In the above cases of Whitlow, though much time and space were occupied in writing out the mode of selecting the remedies, the selection itself only occupied a few minutes.

[1] We do not find all these conditions stated as belonging to burning and shooting in the thumb, but only as belonging to certain symptoms of the upper extremity generally. Conditions may have a far wider range than appears from our yet imperfect provings; clinical experience shows that the conditions of a symptom may also belong to other symptoms of the same organ, or to the same symptoms in other organs; it may be even of universal application.
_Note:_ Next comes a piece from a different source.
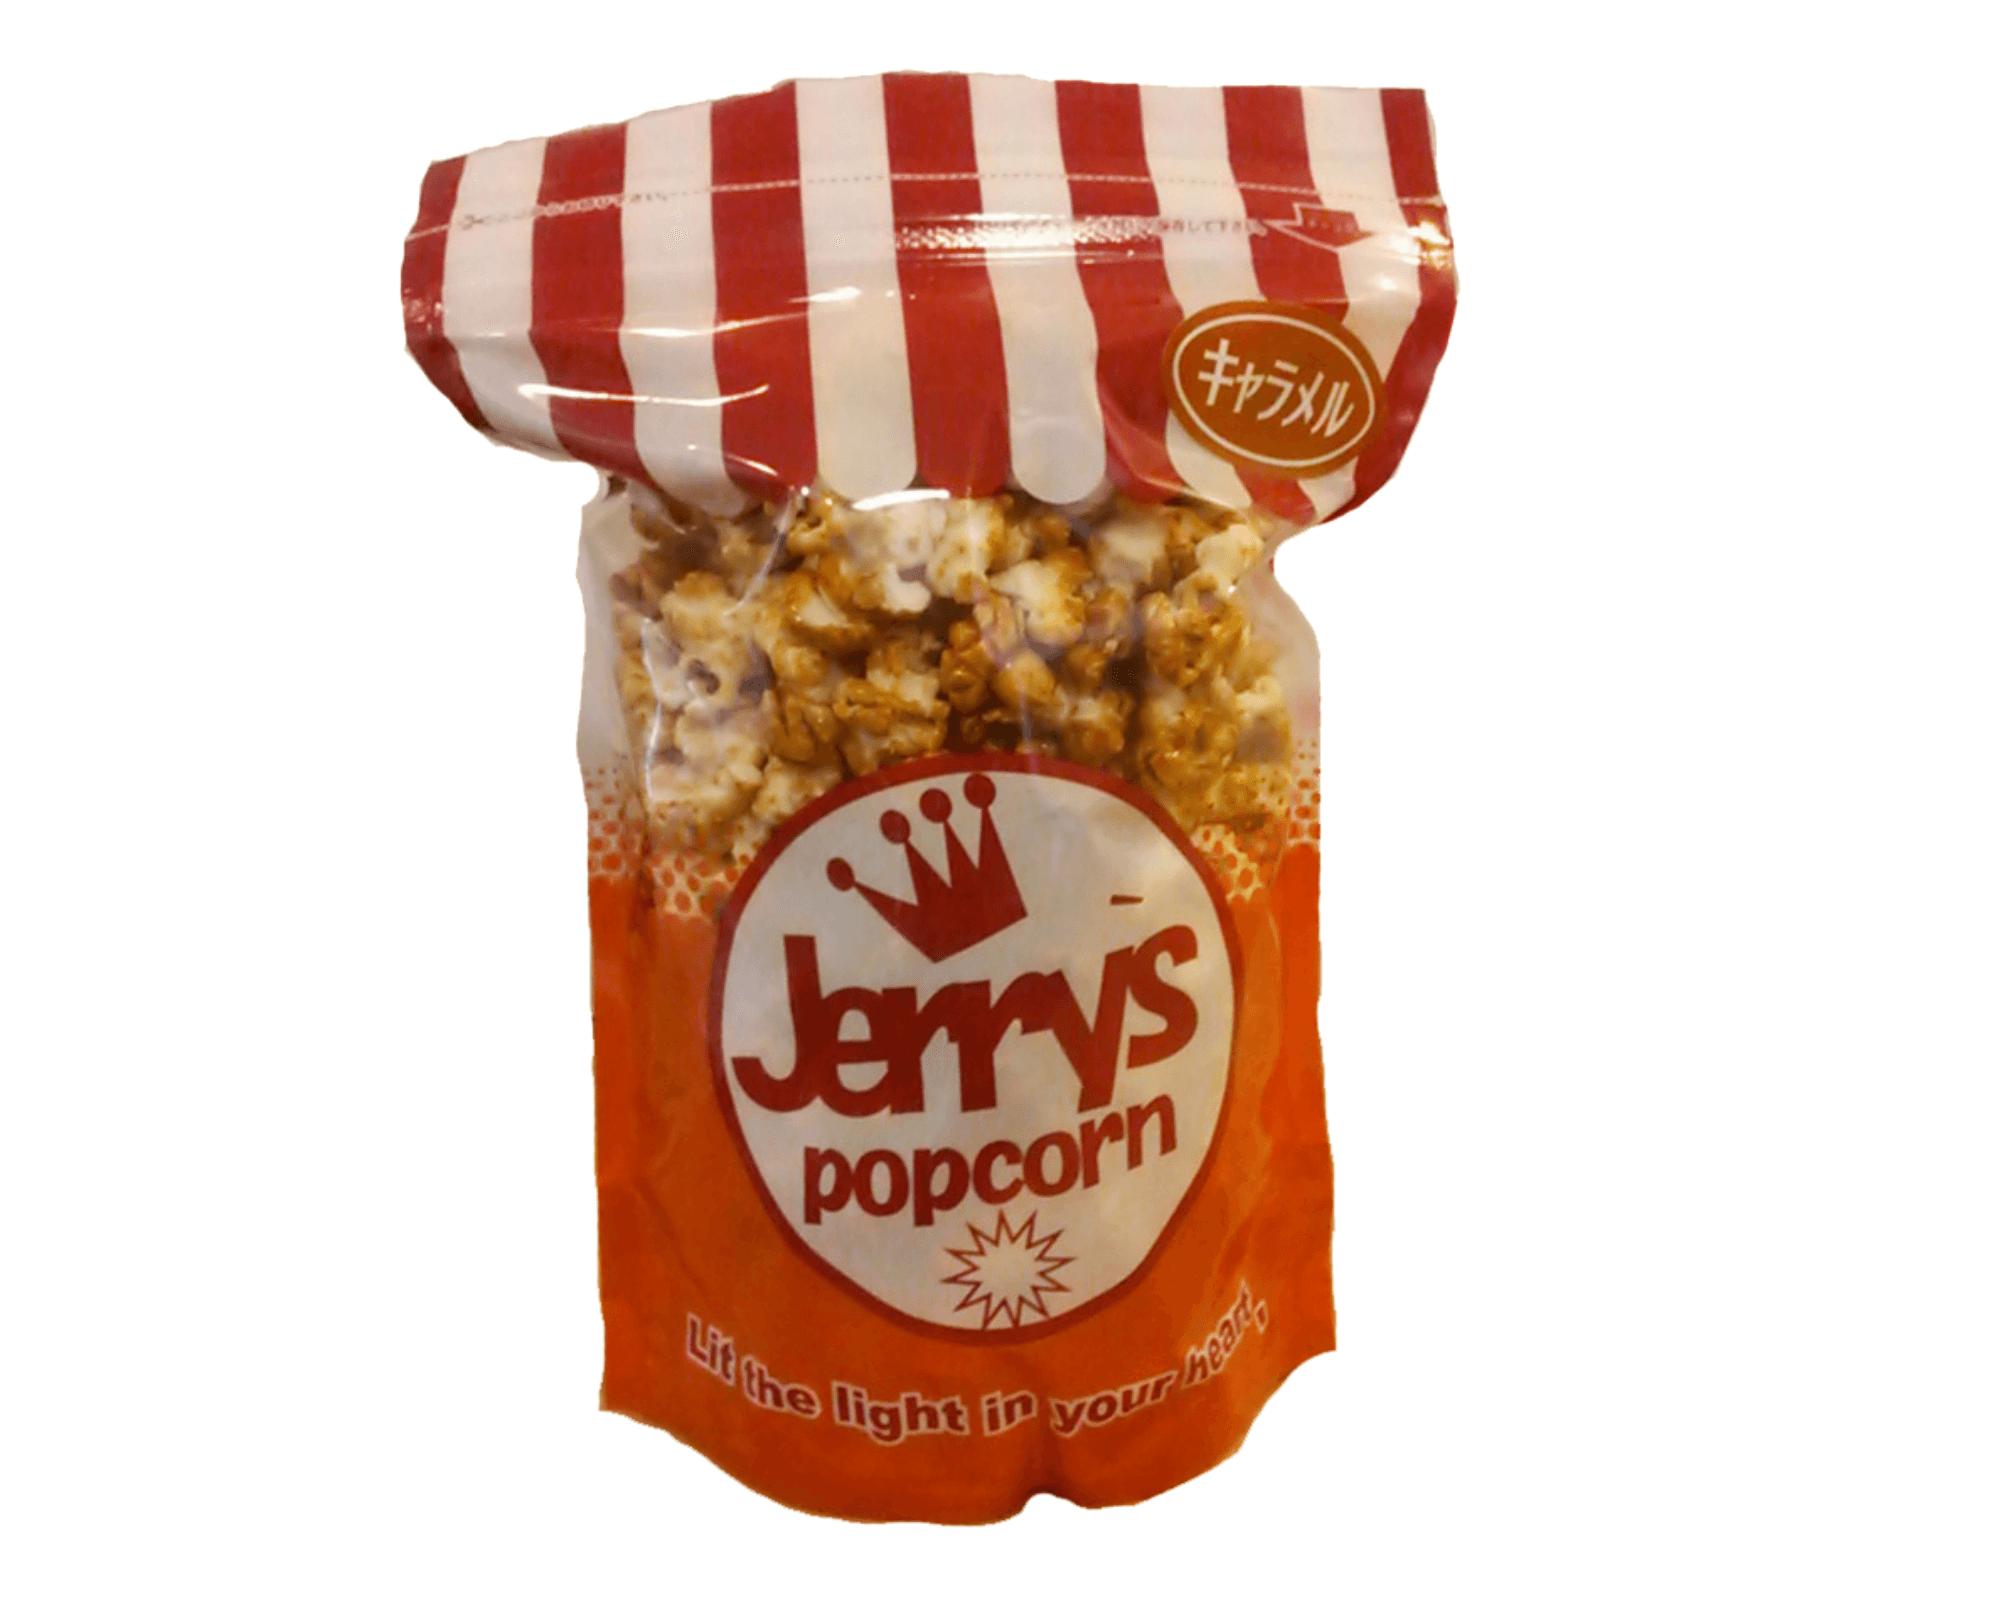 ジェリーズポップコーンのポップコーン

Hence no Repertory or Materia Medica is perfect which does not only give the conditions under their respective individual symptoms, but also arranges them in collectives, that the simillimum may be selected by analogy when other means fail. C. Hering’s Materia Medica is the only one in which a comparative view of localities, conditions, sensations, etc., is thoroughly carried out. All that he has published of his Materia Medica, as well as the two published parts of his Analytical Therapeutics, are indispensable to the homoeopathician.